El Partido Comunista de China (PCCh) anunció hoy, tras su plenario anual de cuatro días, que "todas las parejas" del país podrán tener hasta dos hijos, una reforma que pone fin a más de 30 años de la controvertida política del hijo único. La reforma, anunciada el mismo día que el régimen comunista aprueba su XIII Plan Quinquenal para el lustro 2016-2020, supone un paso más en la relajación de las estrictas políticas demográficas, que comenzó en 2013, cuando se amplió el número de excepciones en las que un matrimonio podía tener un segundo vástago.

La política del hijo único se puso en marcha en 1979 para reducir los problemas de superpoblación del gigante asiático y según los expertos ha servido para evitar que la población actual del país fuera actualmente de 1.700 millones de habitantes (ahora supera los 1.300 millones). Los observadores ya esperaban que en el plenario del PCCh de esta semana, celebrado a puerta cerrada con los máximos líderes del régimen comunista, cambiase esta política, aunque se ignoraba hasta qué punto iba a llegar el cambio.

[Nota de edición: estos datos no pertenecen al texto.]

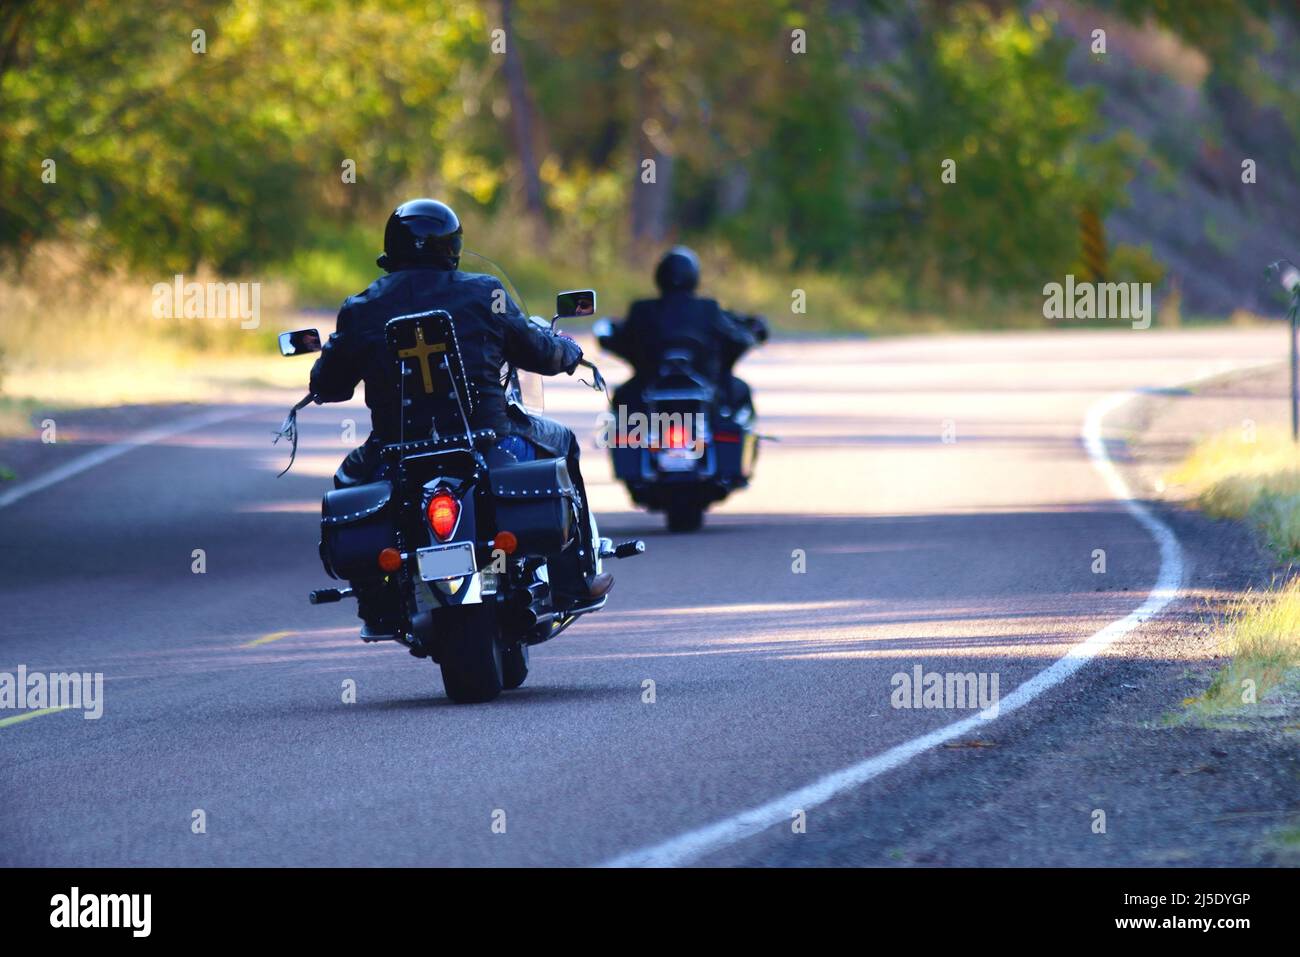 Motorcyclists on a sunny day outing.on a road that curves beside hills with trees. Stock Photo

El Gobierno chino siempre defendió que el restringir a un solo hijo la descendencia de muchas parejas, sobre todo en zonas urbanas, contribuyó al desarrollo del país y a la salida de la pobreza de más de 400 millones en las últimas tres décadas, pero Pekín también admitía que se aproximaba el momento de ponerle fin.

Entre los efectos secundarios más perjudiciales de la política del hijo único para China destaca el rápido envejecimiento de su población, que ha provocado que su pirámide demográfica sea similar al de los países más desarrollados.

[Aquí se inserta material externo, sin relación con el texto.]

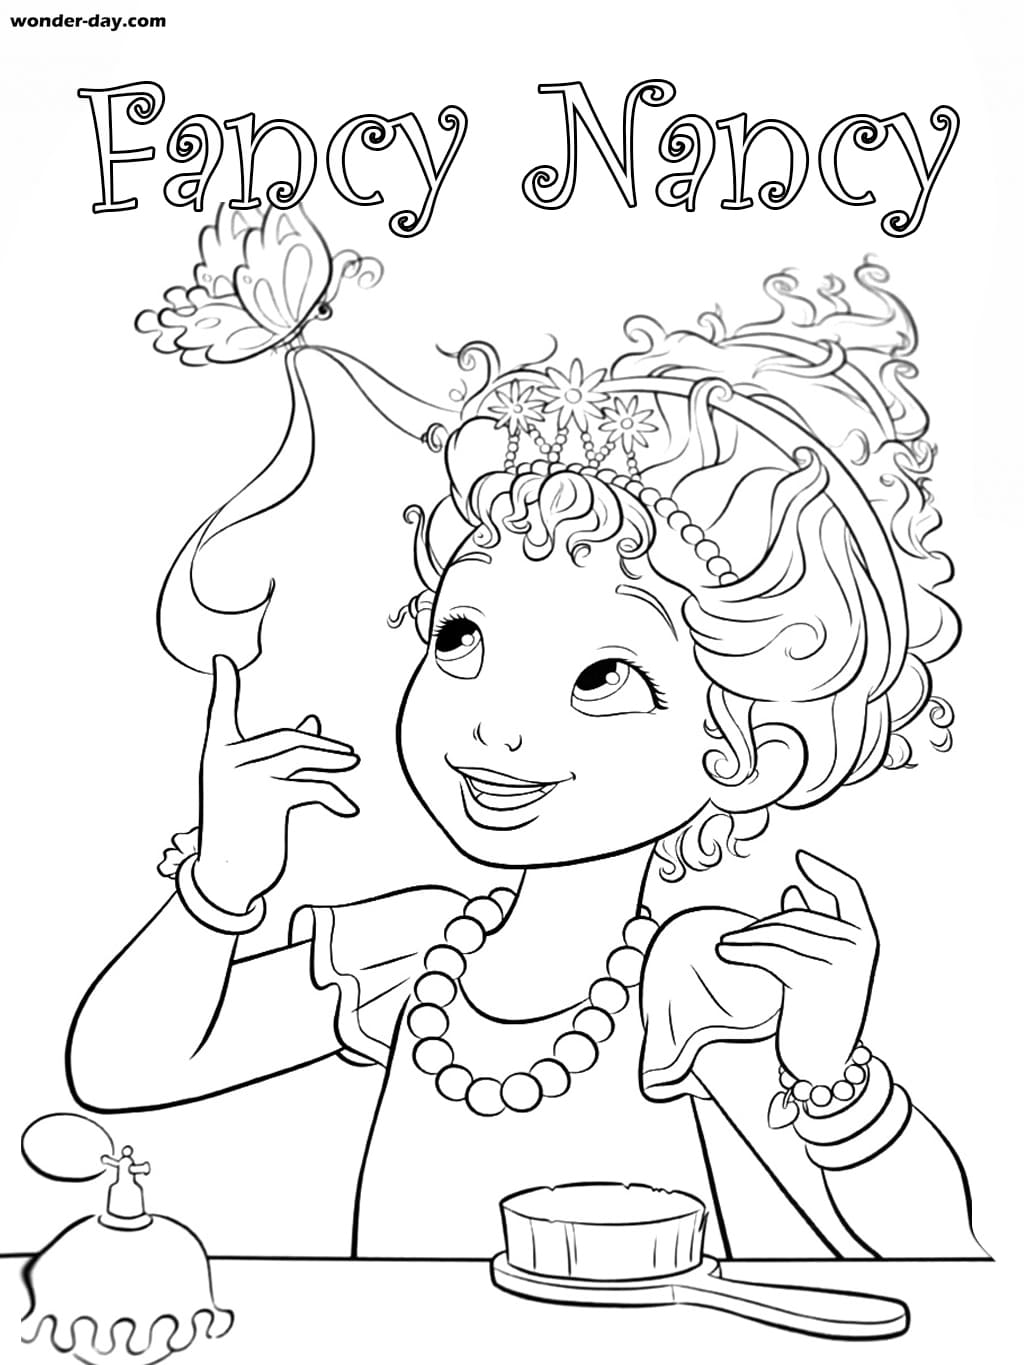 Fancy Nancy Coloring Pages Best Coloring Pages For Girls

A finales de los años 70 China, el país más poblado del mundo, que en décadas anteriores y bajo la batuta de Mao Zedong fomentó altos índices de natalidad para aumentar su mano de obra, cambió diametralmente su política demográfica y prohibió a la mayor parte de las familias que tuvieran más de un hijo. Tras la muerte de Mao en 1976 y de acuerdo con las nuevas teorías que preconizaban grandes desastres como consecuencia de la superpoblación mundial, China comenzó a lanzar estrictas medidas de planificación familiar que comenzaron con un límite de dos hijos por pareja y en 1979 se redujeron a un sólo vástago.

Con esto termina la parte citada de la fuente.